* [Work to be completed]:
Send back the data below exactly. Drop every picture.

* [Dataset content]:
* * * * * * * * *
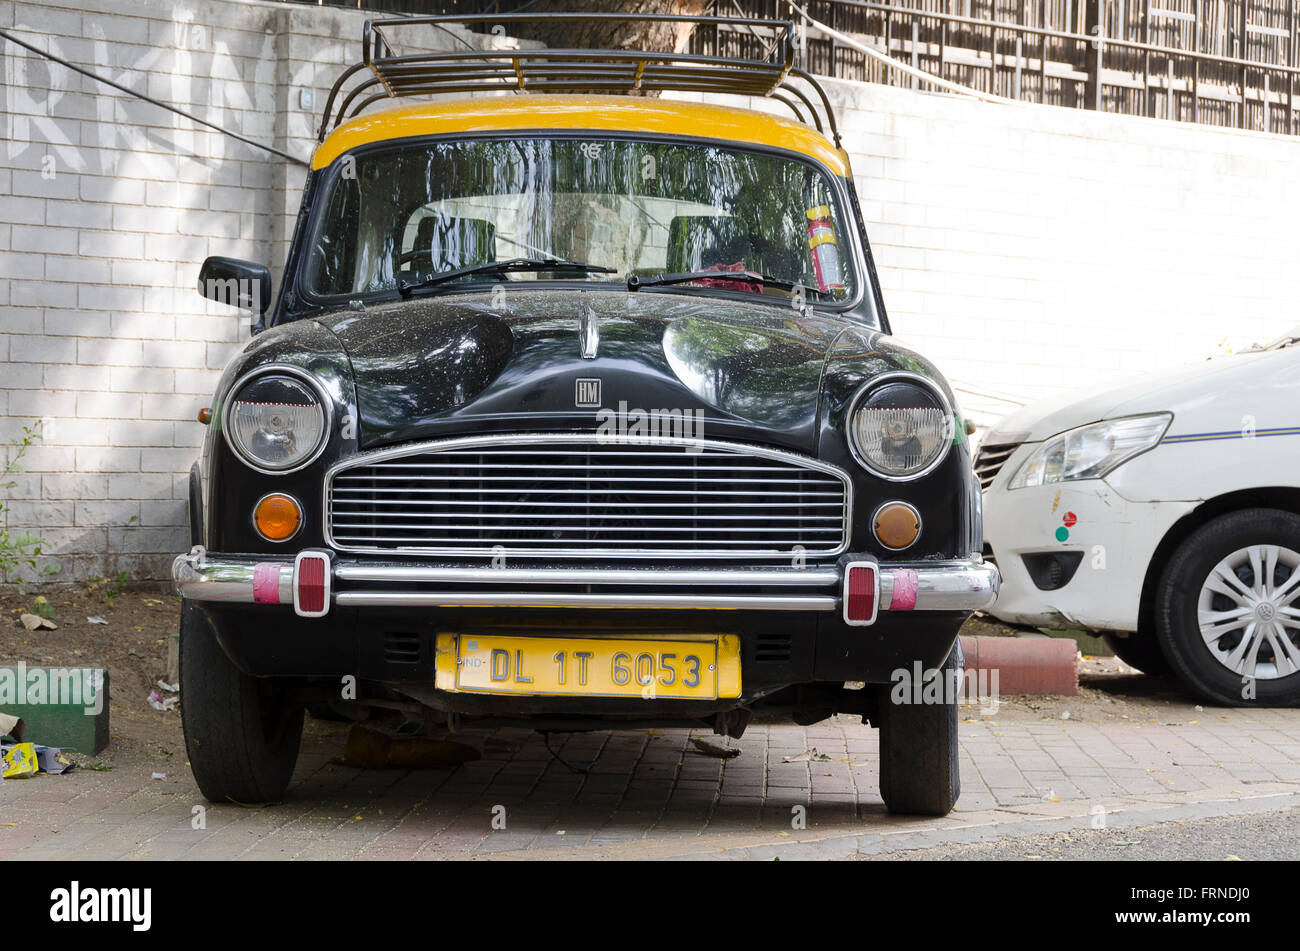 Hindustan Ambassador, Taxi, Delhi, India Stock Photo
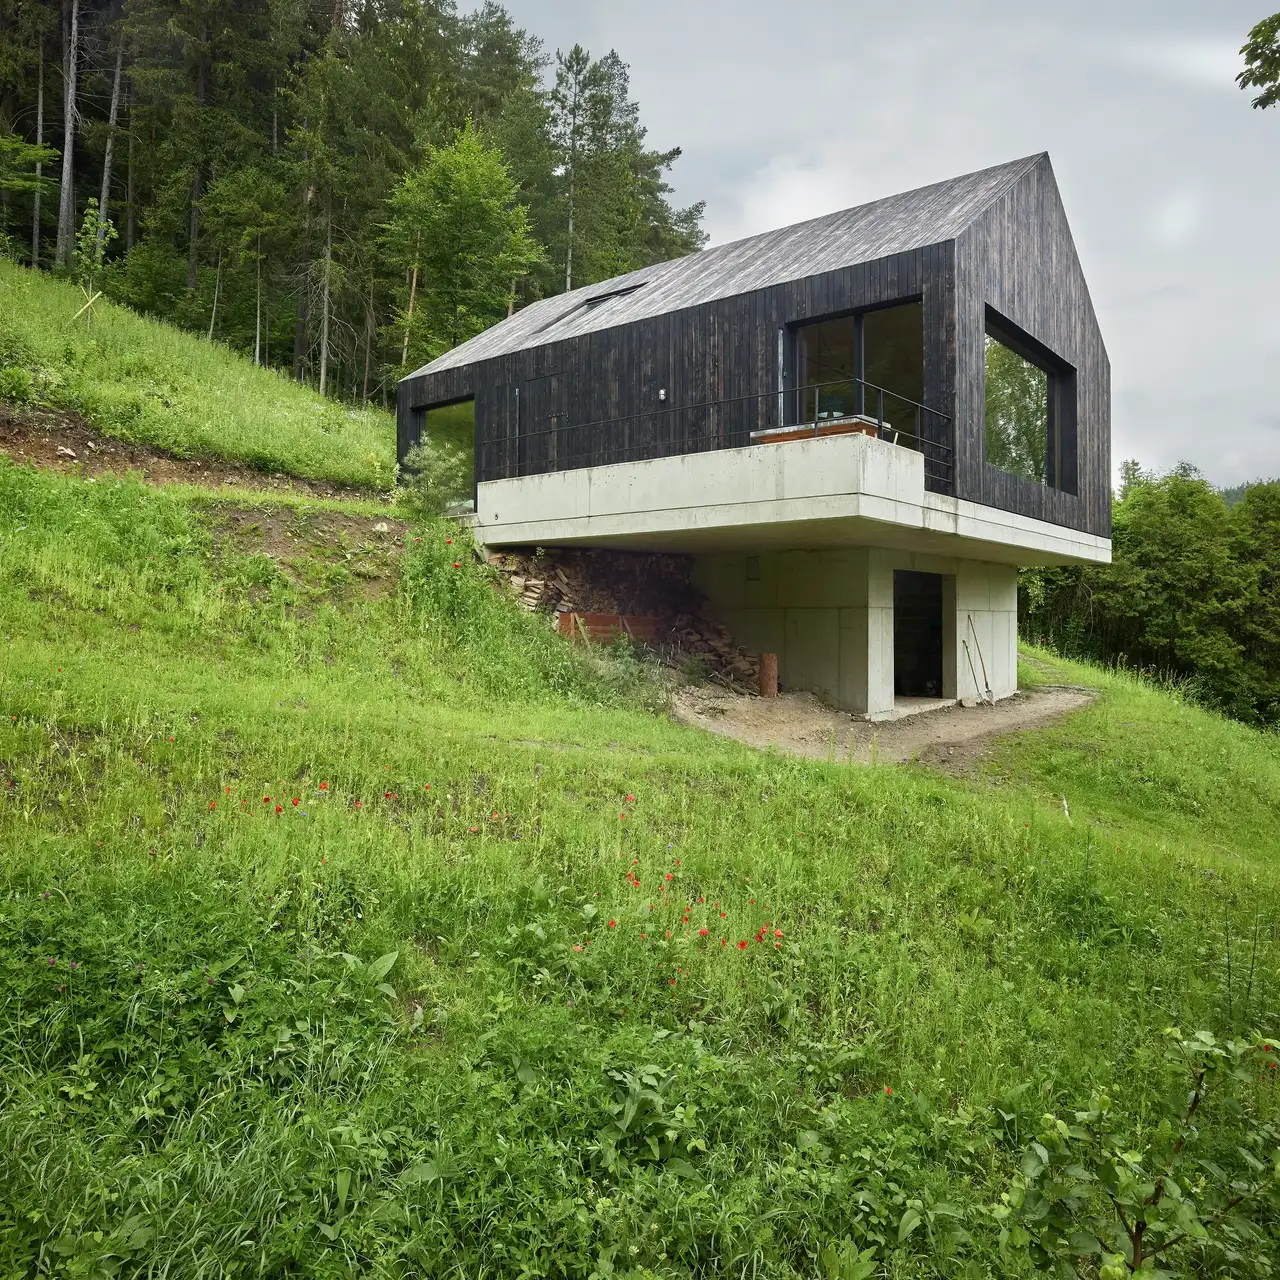 Zeitgenössisches Haus mit auskragendem Design und hölzerner Fassade an einem grünen Hang.
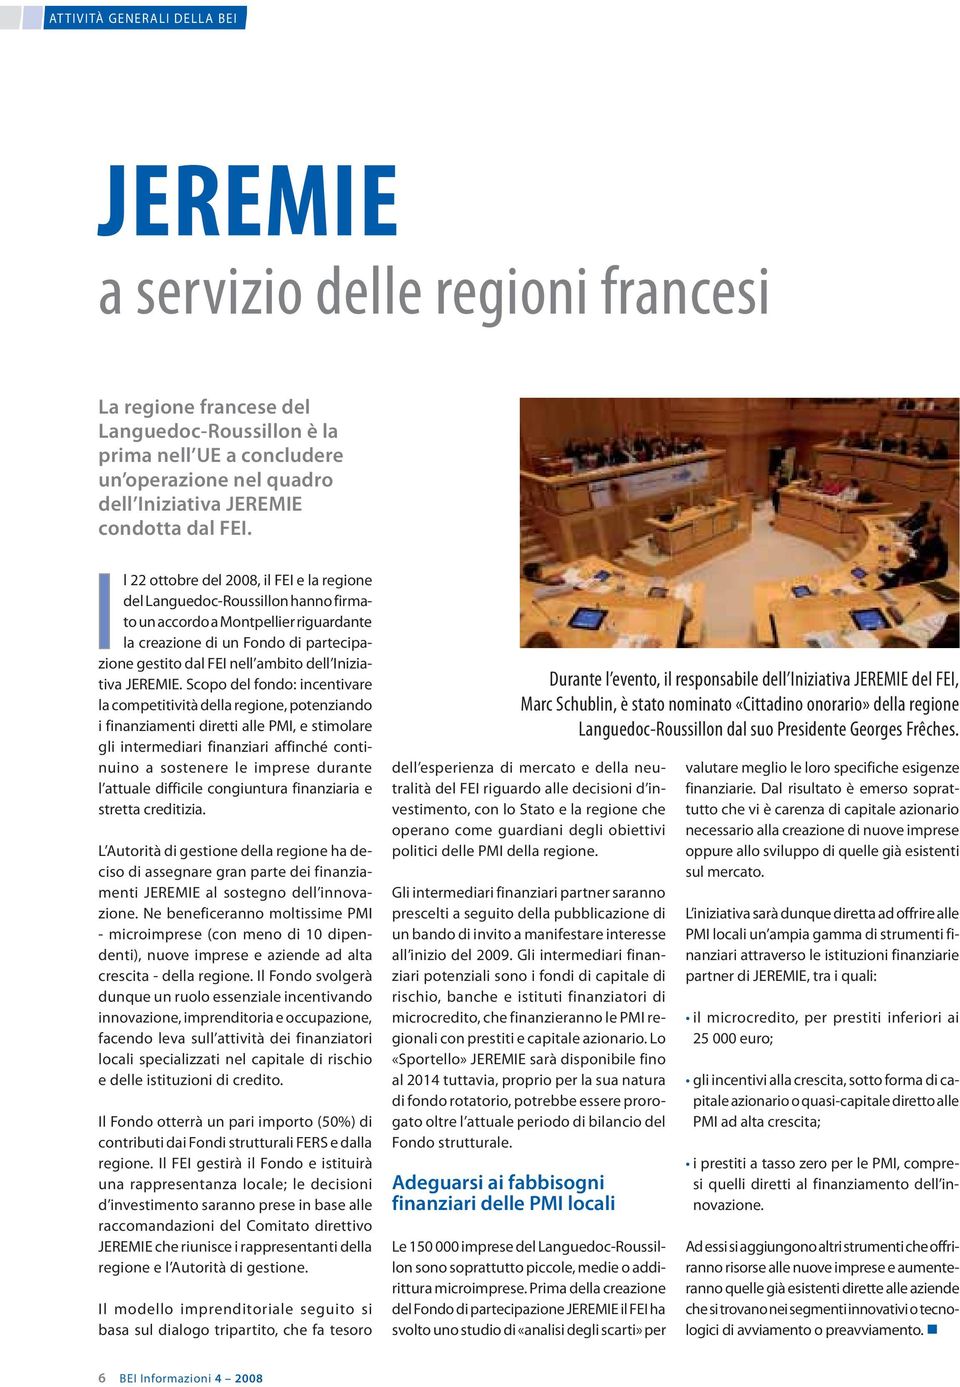 Il 22 ottobre del 2008, il FEI e la regione del Languedoc-Roussillon hanno firmato un accordo a Montpellier riguardante la creazione di un Fondo di partecipazione gestito dal FEI nell ambito dell
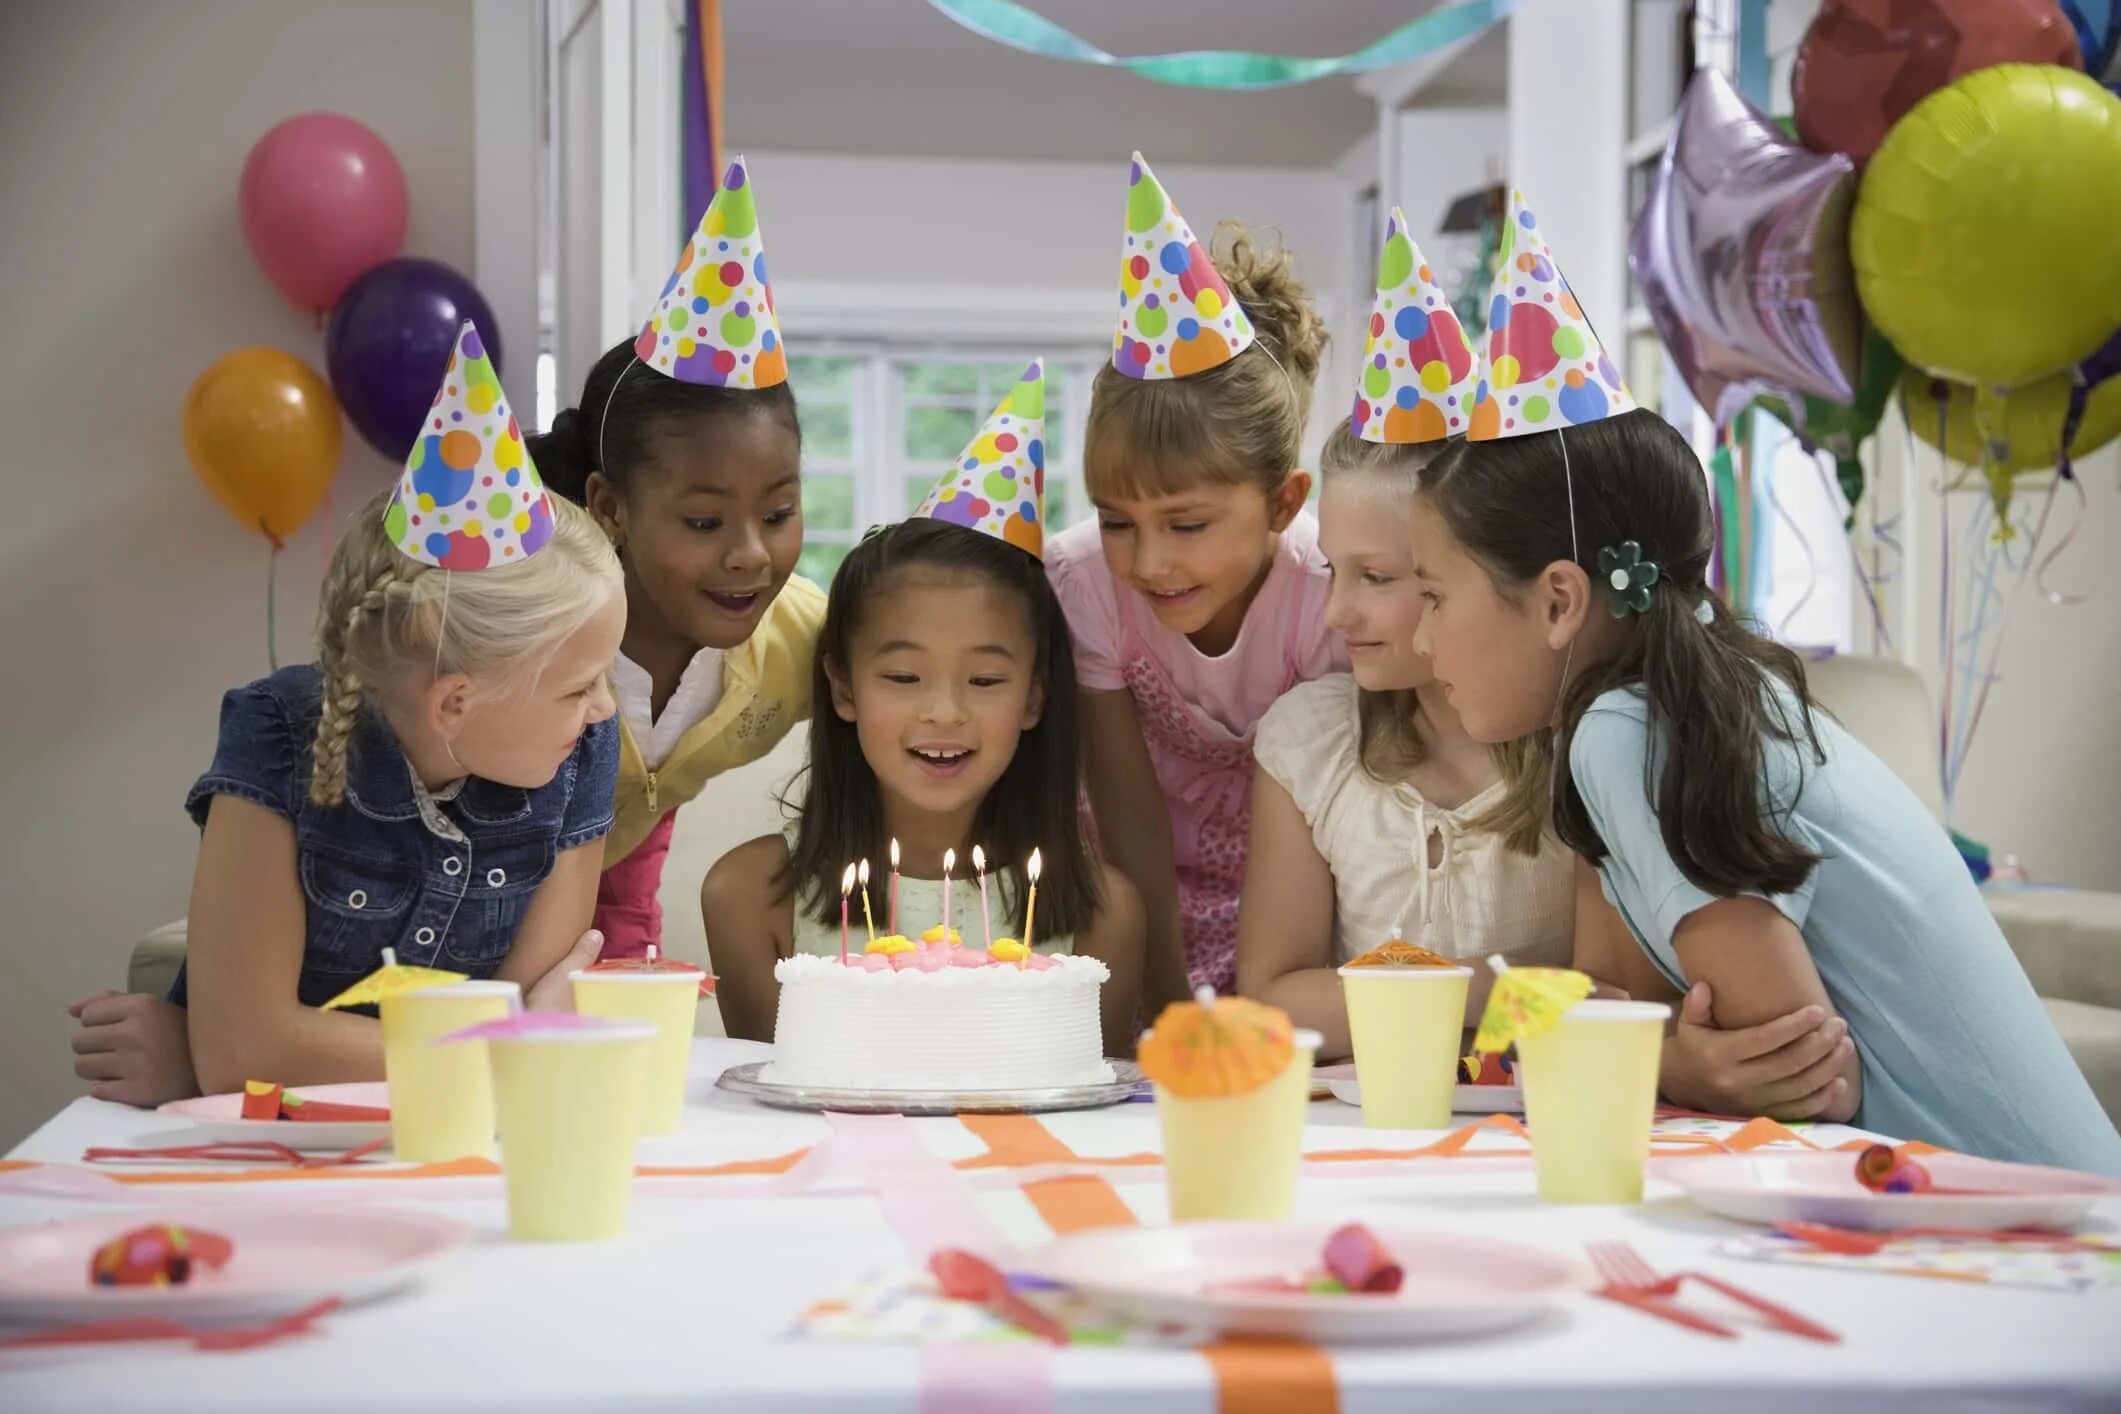 Развлечение за столом на дне рождения. Празднование дня рождения. Празднование дня рождения ребенка. Празднуют день рождения. Дети отмечают день рождения.
* * * * * * * * *
* [Task result]:
 Hindustan Ambassador, Taxi, Delhi, India Stock Photo
 Zeitgenössisches Haus mit auskragendem Design und hölzerner Fassade an einem grünen Hang.
 Il 22 ottobre del 2008, il FEI e la regione del Languedoc-Roussillon hanno firmato un accordo a Montpellier riguardante la creazione di un Fondo di partecipazione gestito dal FEI nell ambito dell
 Развлечение за столом на дне рождения. Празднование дня рождения. Празднование дня рождения ребенка. Празднуют день рождения. Дети отмечают день рождения.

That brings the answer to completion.